Response.WriteFile(fileName);

// stop the execution of this page
Response.Flush();
Excel format works no problem, but only PDF gives access denied. Do I
need to give special permisions to pdf files?

thank you


Nov 19 '05 #3

This thread has been closed and replies have been disabled. Please start a new discussion.

Similar topics

4
by: moondaddy | last post by:
Using vb.net I need to download image files to the client browser where they can save to disk. Below is some sample code I'm using. when I run this the File Download window in the browser says: ...
7
by: theyas | last post by:
How can I get my code to NOT display two "Open/Save/Cancel/More Info" dialog boxes when using the "Response.WriteFile" method to download a file to IE I've asked about this before and didn't get a...
0
by: ProJee | last post by:
Hi, Response.WriteFile (or Response.OutputStream.Write) finishes immediately, not after the file is completely downloaded. It finishes before (!) the user clicks the "Save" or "Open" browser...
4
by: david | last post by:
I has a question: I can use Response.WriteFile to display images such as .jpg. But I can not us it to display words doc file in EI by calling Response.WriteFile("testdoc/DownloadLarge.doc"). It...
7
by: Bala | last post by:
Hi All, I am trying to download the file from network machine (under same domain). I am using below link page code to impersonate. http://www.netomatix.com/ImpersonateUser.aspx I can able...
3
by: David Thielen | last post by:
Hi; I created a virtual directory in IIS 6.0 and my asp.net app runs fine. But when it tries to write a file I get: Access to the path is denied. - C:\Inetpub\wwwroot\RunReportASP\images ...
4
by: Jonny | last post by:
Hello Group How do I open a Save File Dialog from an ASPX page behind a browse button? Any help would be fantastic!! I am using ASP.NET 1.1 using VB.NET as the coding language TIA
7
by: Ibrahim. | last post by:
Hello, How can I access a Shared Folder of the Server by using the following control. 1. I need to download files from c:\resumes folde by using the following; <asp:HyperLink...
5
by: rn5a | last post by:
I have a ASPX page which has a ListBox & a Button. The ListBox lists all the files & directories existing in a directory on the server. I want to give users the option to download files from the...
0
isladogs
by: isladogs | last post by:
The next Access Europe meeting will be on Wednesday 6 Mar 2024 starting at 18:00 UK time (6PM UTC) and finishing at about 19:15 (7.15PM). In this month's session, we are pleased to welcome back...
1
isladogs
by: isladogs | last post by:
The next Access Europe meeting will be on Wednesday 6 Mar 2024 starting at 18:00 UK time (6PM UTC) and finishing at about 19:15 (7.15PM). In this month's session, we are pleased to welcome back...
0
by: Vimpel783 | last post by:
Hello! Guys, I found this code on the Internet, but I need to modify it a little.
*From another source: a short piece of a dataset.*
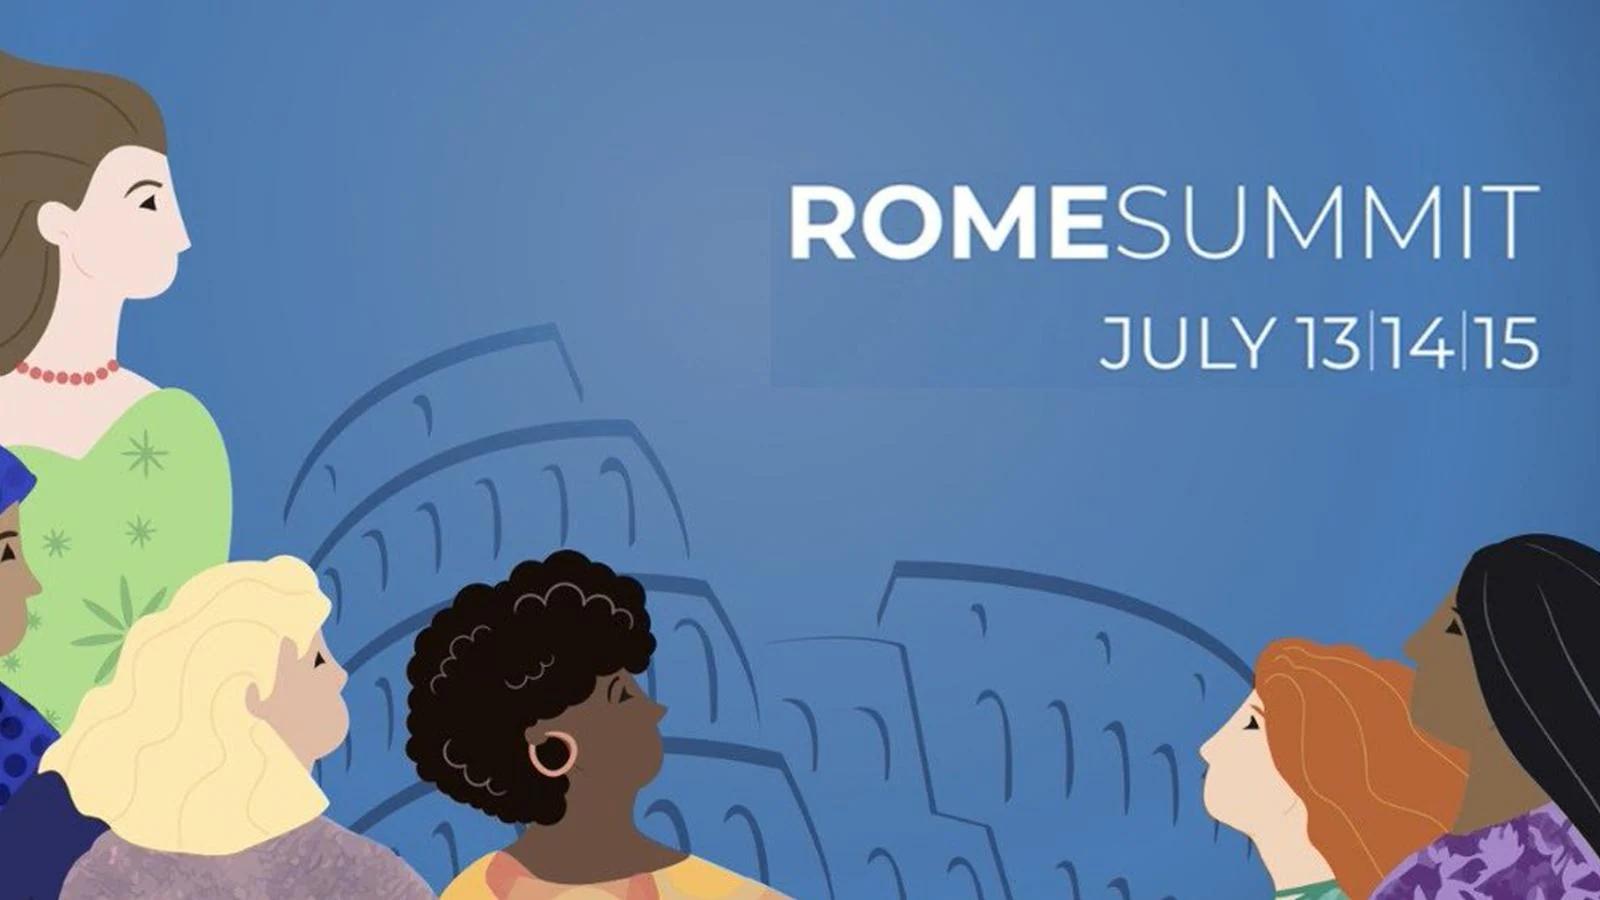 Представители «Синергии» выступили на саммите «Женской двадцатки» в Риме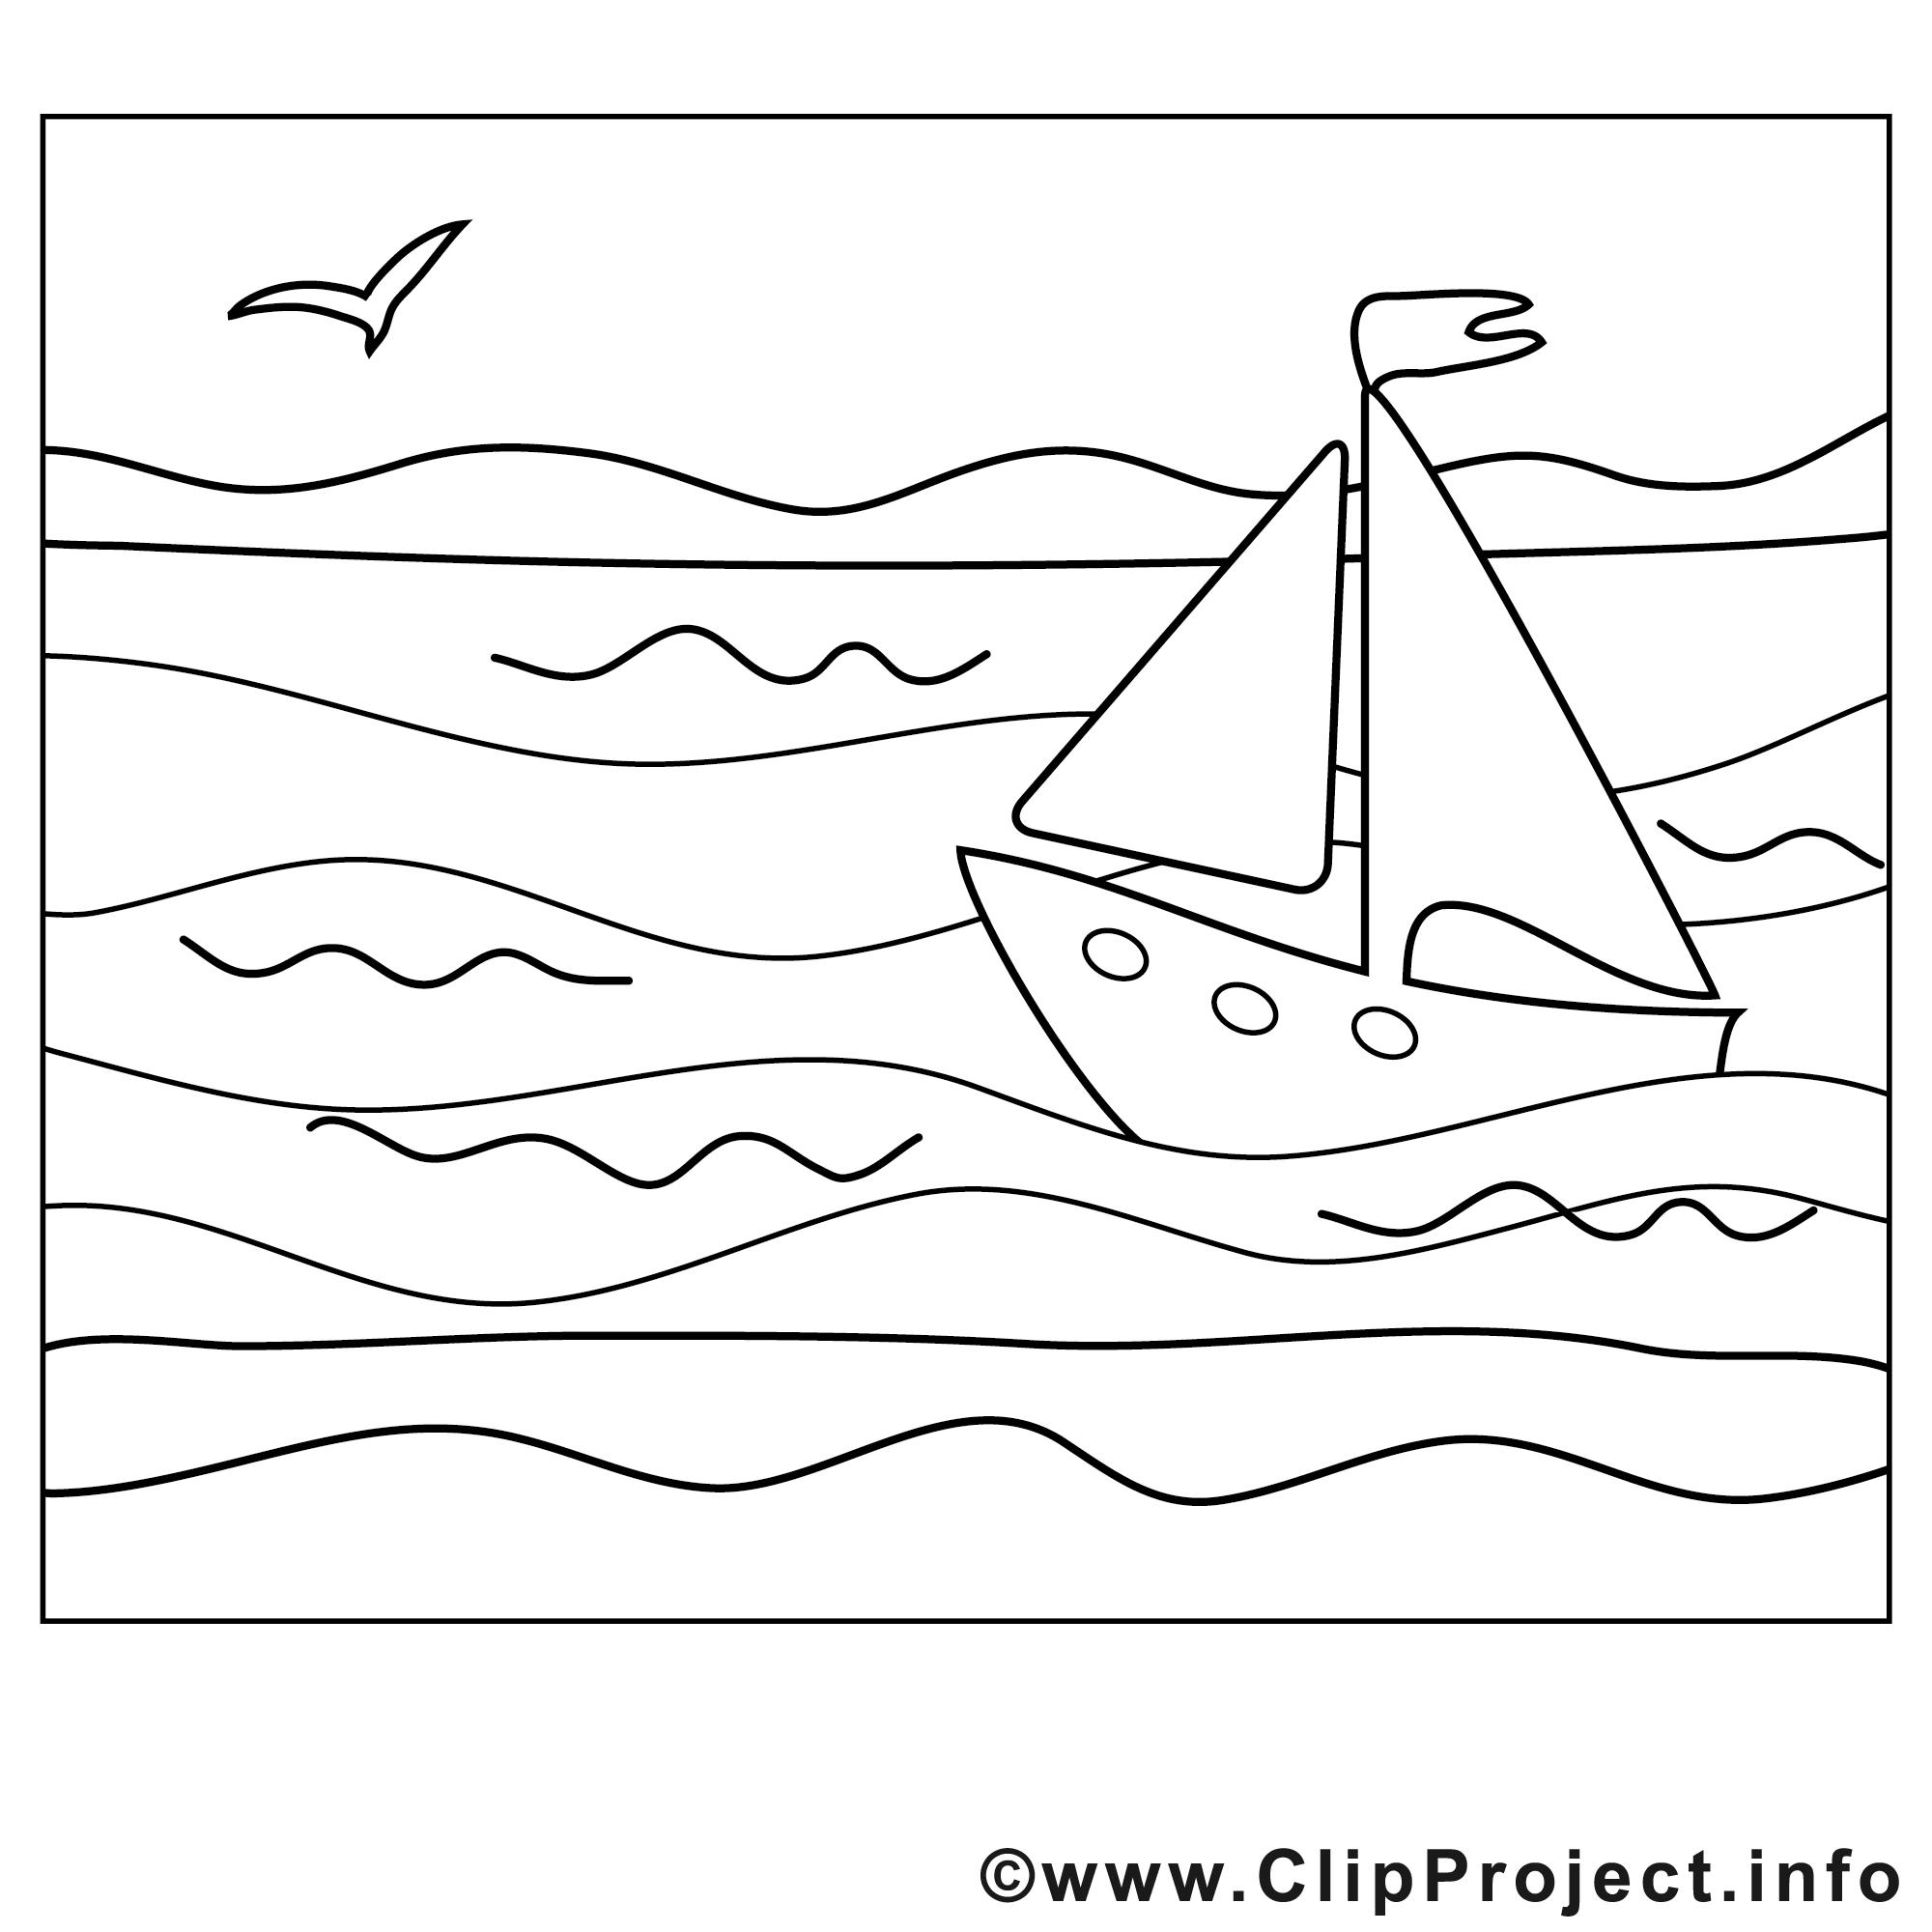 Bateau Mer Image été Images à Colorier été Coloriages Dessin

It works well, the problem is this: Data is sent from only one cell, in this case B5, but it is necessary that data...
0
by: ArrayDB | last post by:
The error message I've encountered is; ERROR:root:Error generating model response: exception: access violation writing 0x0000000000005140, which seems to be indicative of an access violation...
1
by: PapaRatzi | last post by:
Hello, I am teaching myself MS Access forms design and Visual Basic. I've created a table to capture a list of Top 30 singles and forms to capture new entries. The final step is a form (unbound)...
1
by: CloudSolutions | last post by:
Introduction: For many beginners and individual users, requiring a credit card and email registration may pose a barrier when starting to use cloud servers. However, some cloud server providers now...
1
by: Defcon1945 | last post by:
I'm trying to learn Python using Pycharm but import shutil doesn't work
0
by: af34tf | last post by:
Hi Guys, I have a domain whose name is BytesLimited.com, and I want to sell it. Does anyone know about platforms that allow me to list my domain in auction for free. Thank you
0
by: Faith0G | last post by:
I am starting a new it consulting business and it's been a while since I setup a new website. Is wordpress still the best web based software for hosting a 5 page website? The webpages will be...

By using Bytes.com and it's services, you agree to our Privacy Policy and Terms of Use.

To disable or enable advertisements and analytics tracking please visit the manage ads & tracking page.